Unemployment in the UK has continued to fall and a record 31million people are in now work, according to the final labour market figures before the General Election.

The jobless total fell by 76,000 to 1.84m in the quarter to February, the lowest for almost seven years, data from the Office for National Statistics (ONS) revealed today.

And the narrower count of those people eligible to claim the Jobseeker’s Allowance fell by 20,700 in March to 772,400 – the 29th consecutive monthly decline – with Suffolk and north Essex following the downward trend.

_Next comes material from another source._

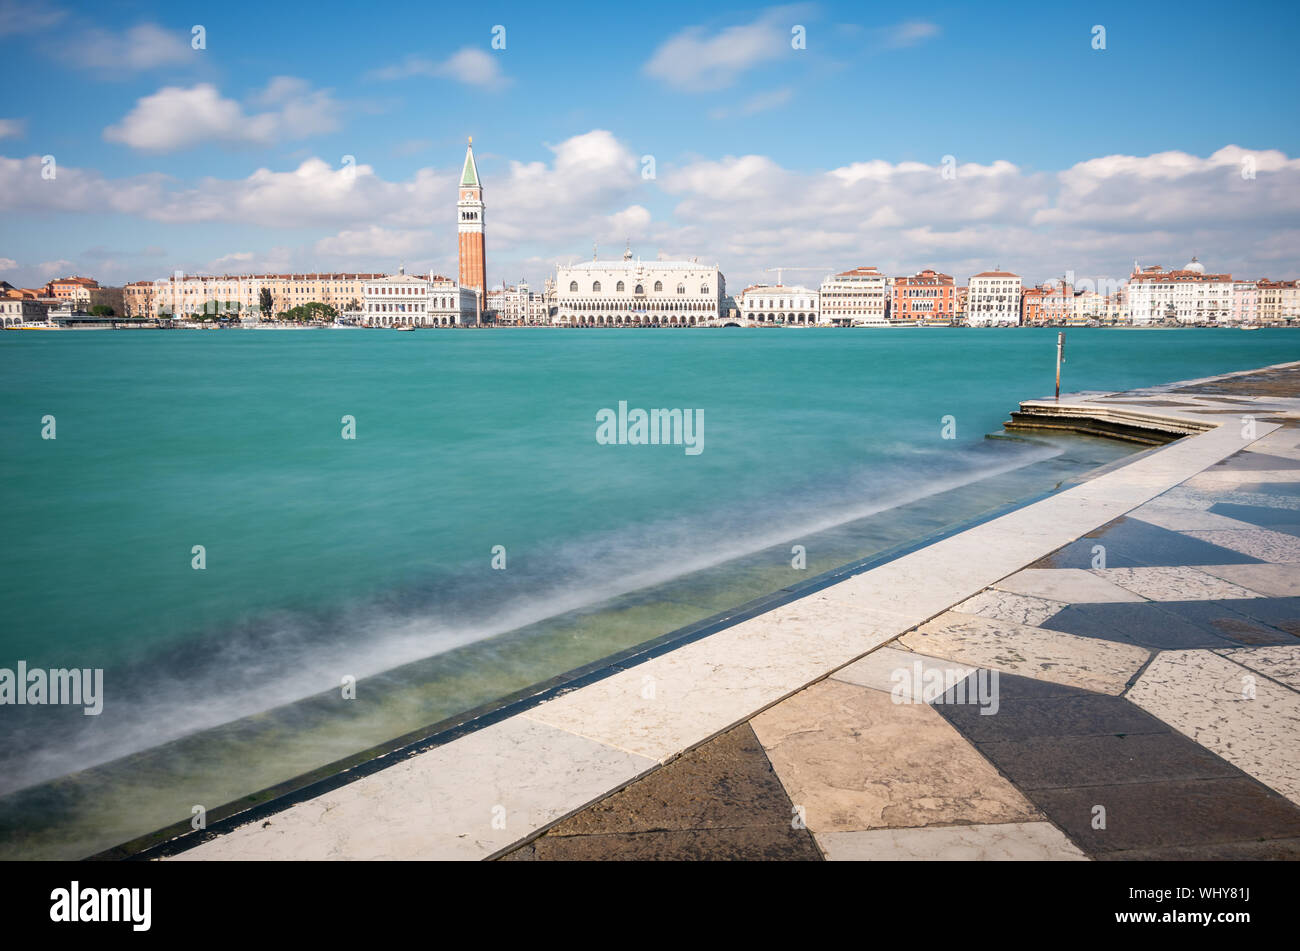 Langzeitansicht des Markusplatzes, des Dogenpalastes, des Markusplatzes und des Canale Grande vom Ufer des San Giorgio Maggiore. Venedig. Italien Stockfoto

The number of people in work topped 31m in the three months to February representing an increase of more than 500,000 over the past year, the highest total since records began in 1971.

The UK’s unemployment rate is now 5.6%, compared with 6.9% a year ago and 7.9% in May 2010, when the last General Election was held.

Long-term unemployment, those out of work for at least a year, fell by 188,000 to 623,000 in the three months to February while youth unemployment, covering 16- to 24-year-olds, fell by 22,000 to 742,000.

However, the number of people in part-time jobs but wanting full-time work rose by 29,000 compared with the previous quarter to 1.3m. Self-employment was littled changed at 4.5m.

Meanwhile, average earnings increased by 1.7% in the year to February, 0.2% down on the previous month.

There were double-figure falls in the Jobseeker’s Allowance claimant count across Suffolk. The largest reductions, cutting the local unemployment rate by 0.1 of a percentage point in each case, were in Babergh, down 34 to 460 (representinig a rate of 0.9%), Forest Heath, down 30 to 333 (0.8%), St Edmundsbury, down 65 to 723 (1.1%), and Waveney, down 75 to 1,339 (2.0%).

Smaller falls, relative to the size of the local workforce, left jobless rates unchanged in Ipswich, down 60 to 2,058 (2.4%), Mid Suffolk, down 32 to 507 (0.9%), and Suffolk Coastal, down 10 to 494 (0.7%).

It was a similar picture in north and mid Essex where Chelmsford led the way with a fall of 116 to 1,435, cutting the rate by 0.1% to 1.3%.

Double digit falls also cut the rate by 0.1% in Braintree, down 42 to 1,234 (1.3%), Colchester, down 14 to 1,427 (1.2%), Maldon, down 22 to 428 (1.1%), and Tendring, down 90 to 2,112 (2.8%). In Maldon, a fall of 13 to 312 left the rate unchanged at 0.6%.

Dr John Philpott, director of The Jobs Economist, said: “The quarterly increase of 248,000 in the number of people in work in the UK is remarkably strong. With two-thirds of these additional people employed full-time and almost all employees in permanent jobs this surge indicates real momentum in the ongoing jobs recovery.

“Together with zero price inflation, the jobs boom is helping improve real incomes despite the fact that wage pressure remains subdued.

“However, the rise in employment and real wages continues to mask severe underlying weakness in labour productivity. This will have to improve markedly if the current recovery in living standards is to be sustained into the medium and long term.”